По дорогам к фронту шли дивизии московского ополчения, несколько дней назад переименованные в стрелковые дивизии Красной армии. Они шли мимо деревень с молчаливыми женщинами и детьми, мимо сгоревших санитарных машин, мимо тел убитых беженцев и погонщиков скота.

Второго октября 1941 года в деревне появились странные, не стриженые солдаты. Видимо, это был какой-то специальный отряд НКВД, предназначенный для действий в прифронтовой полосе, готовый в любой момент скинуть армейское обмундирование и, переодевшись, замаскироваться под мирное население. Длинноволосые солдаты подожгли неубранные хлебные поля, сожгли хлебные амбары с зерном, овчарню с овцами, коровник с коровами и свинарник со свиньями. Перед приходом врага, перед приходом зимы, перед приходом голода деревня, чуть ли не единственная во всей округе, осталась без еды...
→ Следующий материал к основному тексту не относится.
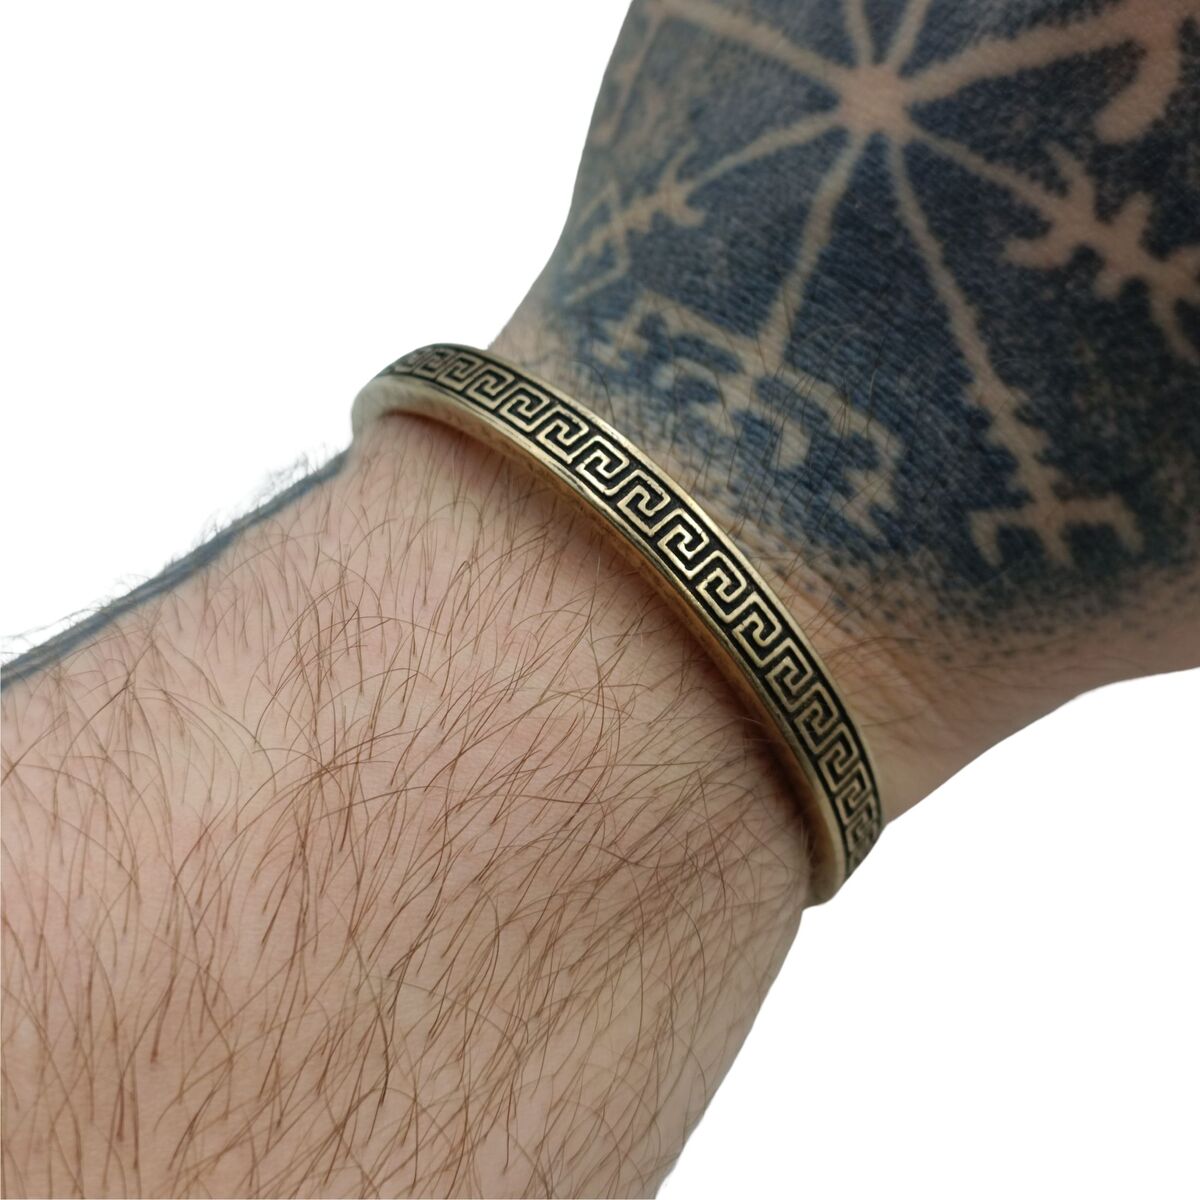 Greek cuff bracelet

Враг рвался к стратегическому транспортному узлу, к городу Вязьма. Две гигантские клешни вражеских войск, прикрытые броней танковых клиньев, пробили оборону Красной армии, чтобы окружить и уничтожить наши дивизии в Вяземском котле. В небе, по направлению к Вязьме, напряженно гудя двигателями, пролетали тяжелые немецкие бомбардировщики. Казалось, что никто не в силах остановить их хищные стаи, несущие смерть и разрушение. Слишком много наших самолетов и пилотов уничтожил враг на фронтах от Белого моря до Черного моря, от Бреста до Смоленщины.

Но были еще у Родины "Сталинские соколы", не раз побеждавшие врагов над Халхин-Голом и республиканской Испанией. Были и молоденькие лейтенанты, только выпущенные из лётных училищ.

Не один раз, задрав голову, смотрел Сашка, как в ряды немецких самолетов врывался наш ястребок, как немецкие пилоты нарушали строй и яростно огрызались огнем авиационных пушек и пулемётов, как загорался немецкий самолет, а через несколько мгновений, оставляя в небе чадящий след, падал к земле горящий советский "Ишачек" или "Чайка".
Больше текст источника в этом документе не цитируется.